Reasons EPUB hasn’t taken off in academia:
The page number problem is the killer. This is the single biggest barrier. Only 25% of incoming EPUB files to EBSCO contain page numbers, and academic libraries and users will not adopt EPUB at scale until that number is much higher. The reason this matters so deeply is that the entire citation infrastructure of scholarship depends on stable, findable locations within a text. Faculty members who have to grade papers and check sources recoil at the thought of finding an ebook in a database and counting paragraphs. EPUB’s reflowable text means page numbers shift depending on device and font size. Oxford’s guidance to students notes that location numbers in EPUB and Kindle formats do not always provide a reliable method of citation, as they may change depending on font type, size, line spacing, and margins. Every major citation style — APA, Chicago, Harvard — has had to create awkward workarounds like paragraph counting and section-heading citation. This is a fundamental design failure: EPUB was built for reading comfort without considering that scholarship requires addressability.
Proposed solution: Redefine ‘page’ to not mean screen reader view size. Addressability by paragraph, perhaps via Engelbart purple number (which can each be addressed to themselves as anchors).

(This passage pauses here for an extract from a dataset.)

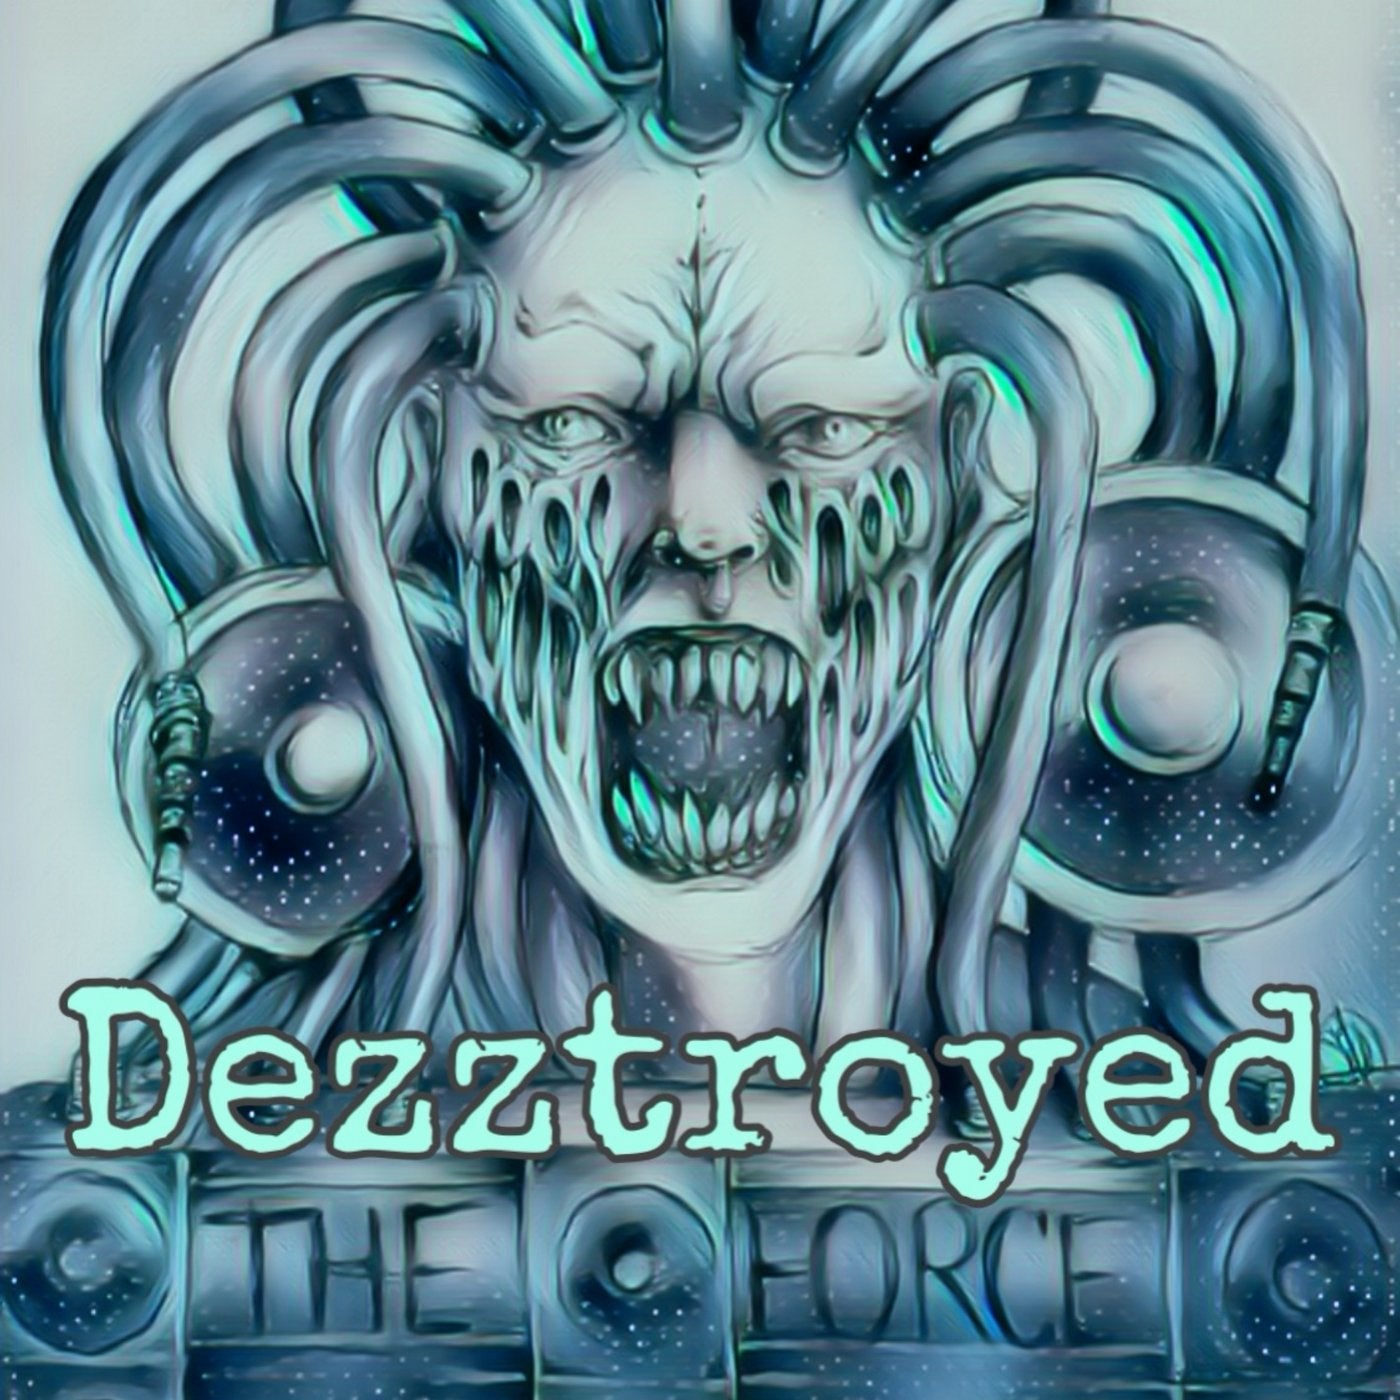 Dezztroyed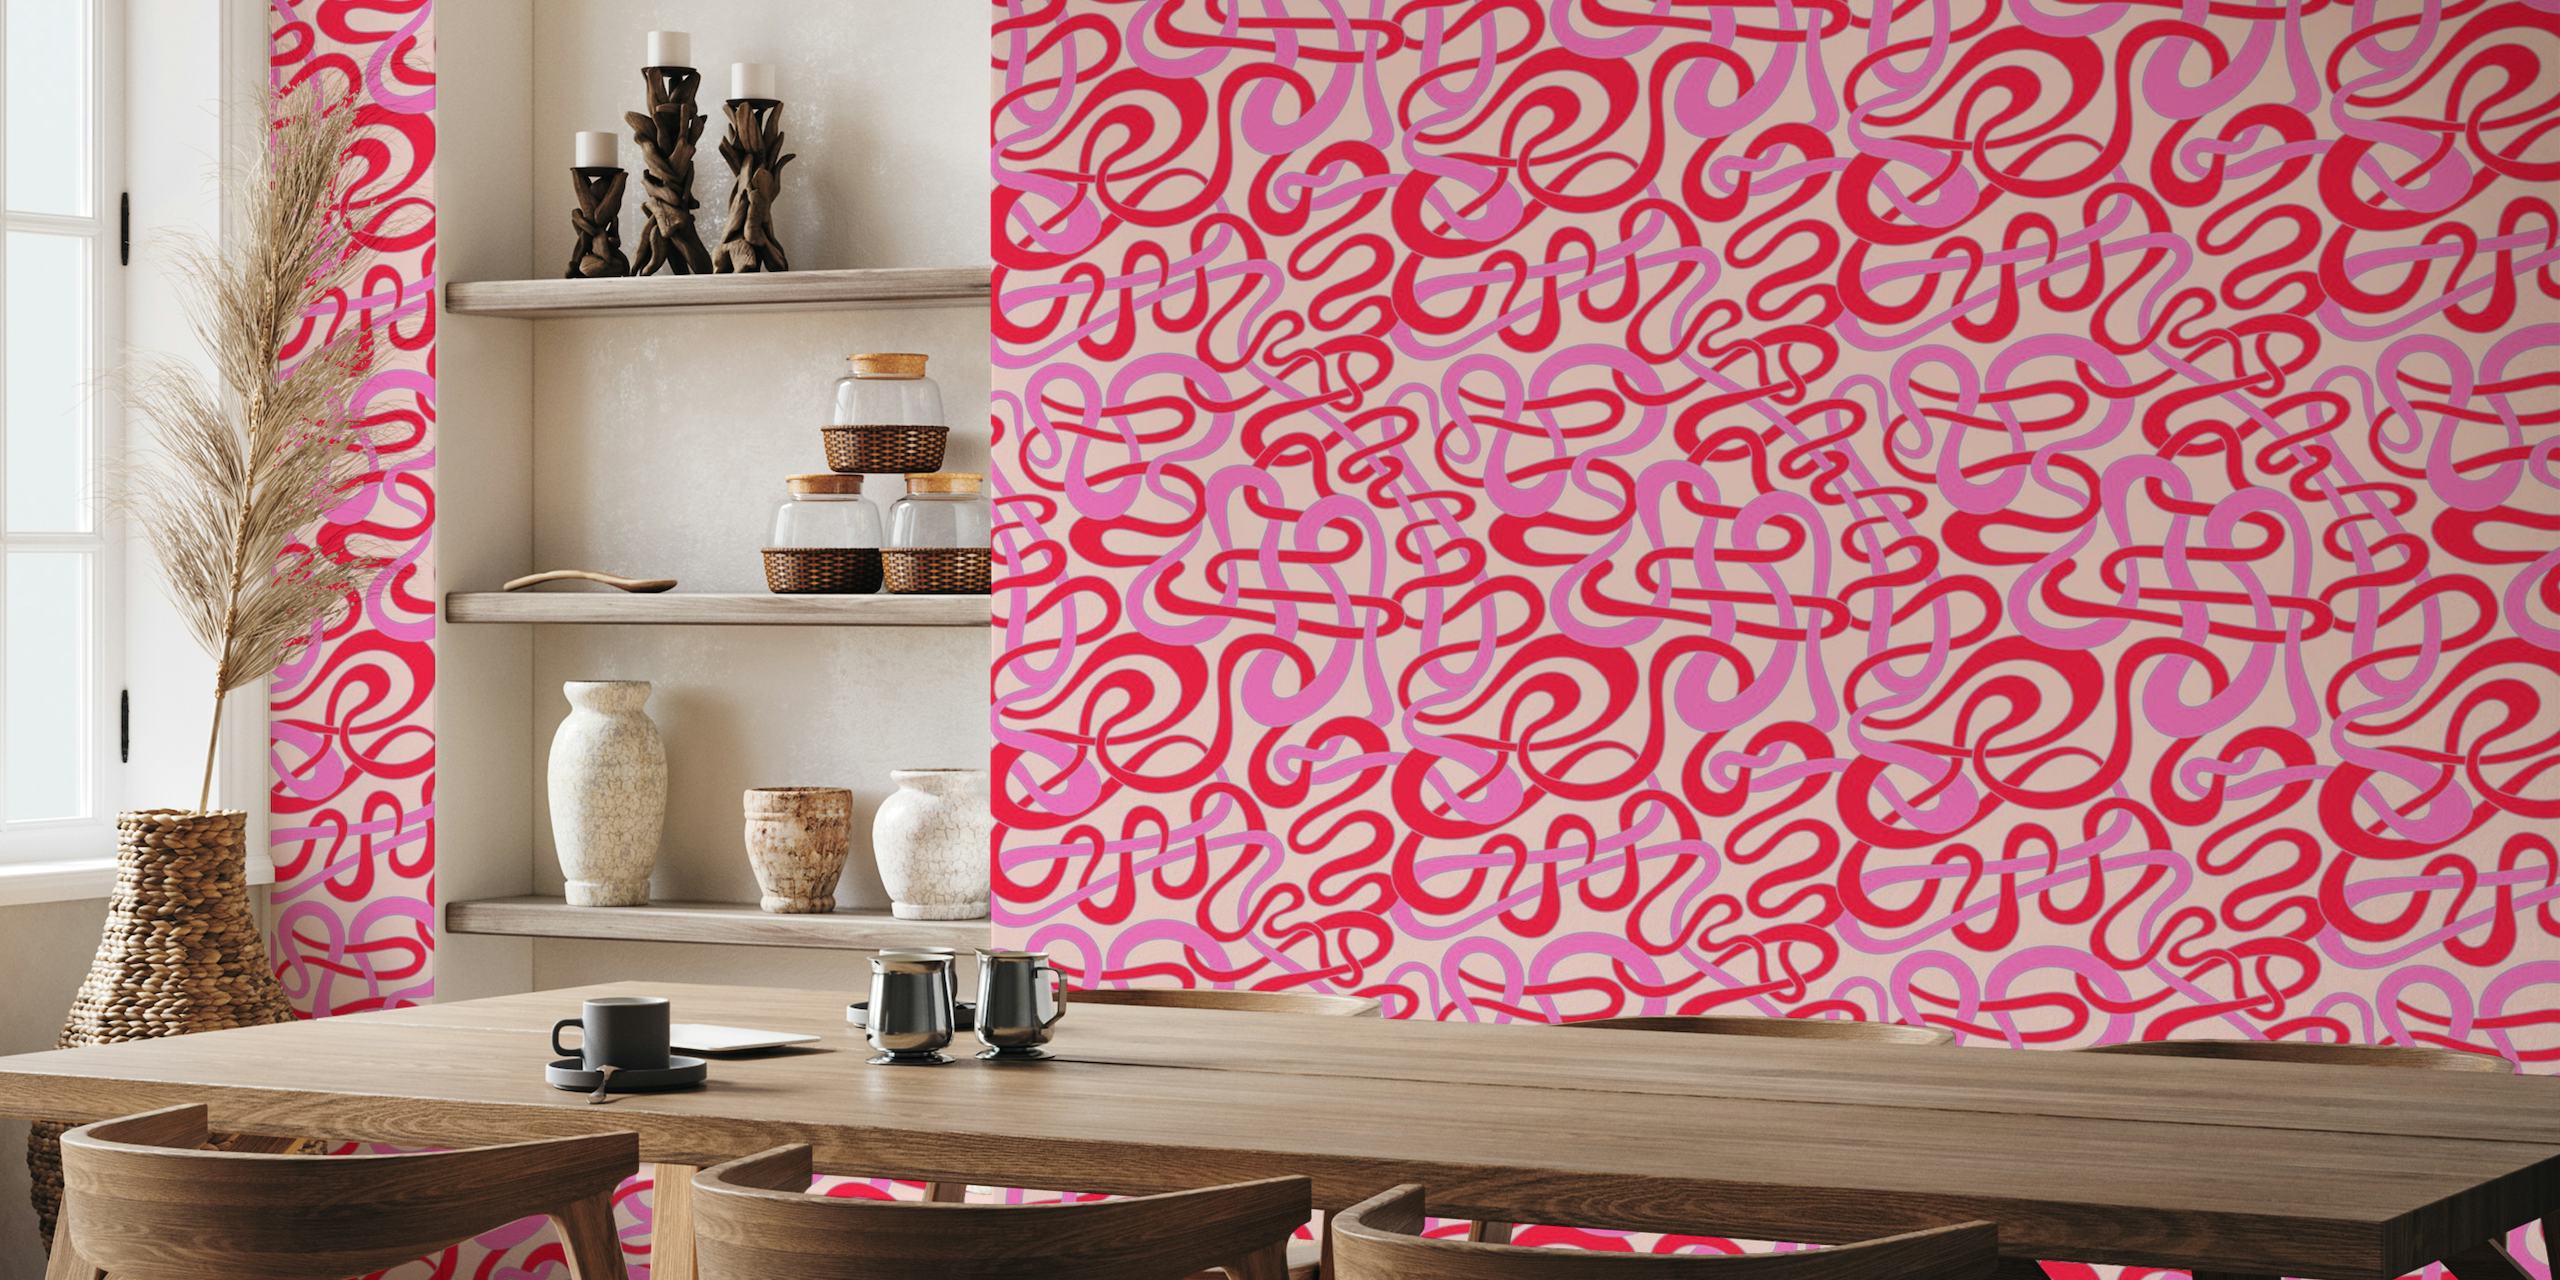 TANGLED STRIPES Abstract Hot Fuchsia Pink Red papel pintado

PDF was there first, and it’s good enough. Scholarly journal publishers were among the first to move toward digital content delivery, which placed them in the unique position of having created a reader community comfortable reading content on web platforms or downloading PDFs. The entire ecosystem — from LaTeX to journal submission systems to library databases — was built around PDF. Academics aren’t resisting EPUB because they love PDF; they’re staying with PDF because switching costs are enormous and the benefits of EPUB (reflowable text, accessibility) don’t address the things academics actually need most: citation stability, visual fidelity of equations and figures, and the ability to say “see page 47.”
Small academic publishers can’t afford the conversion. A significant portion of academic content is still PDF-only — 30% looking at 2019 and forward publication years — and most of the publishers that aren’t creating EPUB for all of their titles indicate that they can’t afford the conversion process. EPUB production requires XHTML/CSS expertise that most small university presses don’t have in-house, and outsourcing costs between $0.60 per page at the low end to thousands of dollars for complex academic content with tables, equations, and footnotes.
EPUB readers are not where scholars read. E-book reading devices are not how most consumers of scholarly content are reading journal content. Academics read on laptops, on library terminals, and increasingly in browsers. The Kindle, Kobo, and Nook ecosystem that drove EPUB adoption in trade publishing simply isn’t where scholarly articles live. EBSCO gives users a choice between EPUB and PDF for every title where both are available, and users only select the EPUB version 15–20% of the time.
The format tried to serve reading but ignored thinking. This is the implicit lesson across all the sources and the one most relevant to Origami text. EPUB was designed as a delivery format — a better way to read a finished text on a screen. It was never designed as a knowledge format. It has no native concept of structured citation data, no semantic markup for claims and evidence, no mechanism for a document to declare its own addressable parts in a way that other documents can reliably point to. It solved the wrong problem: it made text comfortable to consume on devices while leaving the scholarly infrastructure of reference, verification, and interconnection entirely to PDF’s frozen pages.
This is exactly where Origami Text has an opening. The gap isn’t “EPUB but better at reflowing.” The gap is a format that treats addressability, citation, and rich data embedding as first-class citizens — not afterthoughts — while remaining simple enough that a single author can produce one without a conversion pipeline. Standoff markup maps directly onto this: if the text and its structural annotations live in the same package but as separate layers, you get PDF’s addressability and EPUB’s flexibility without sacrificing either.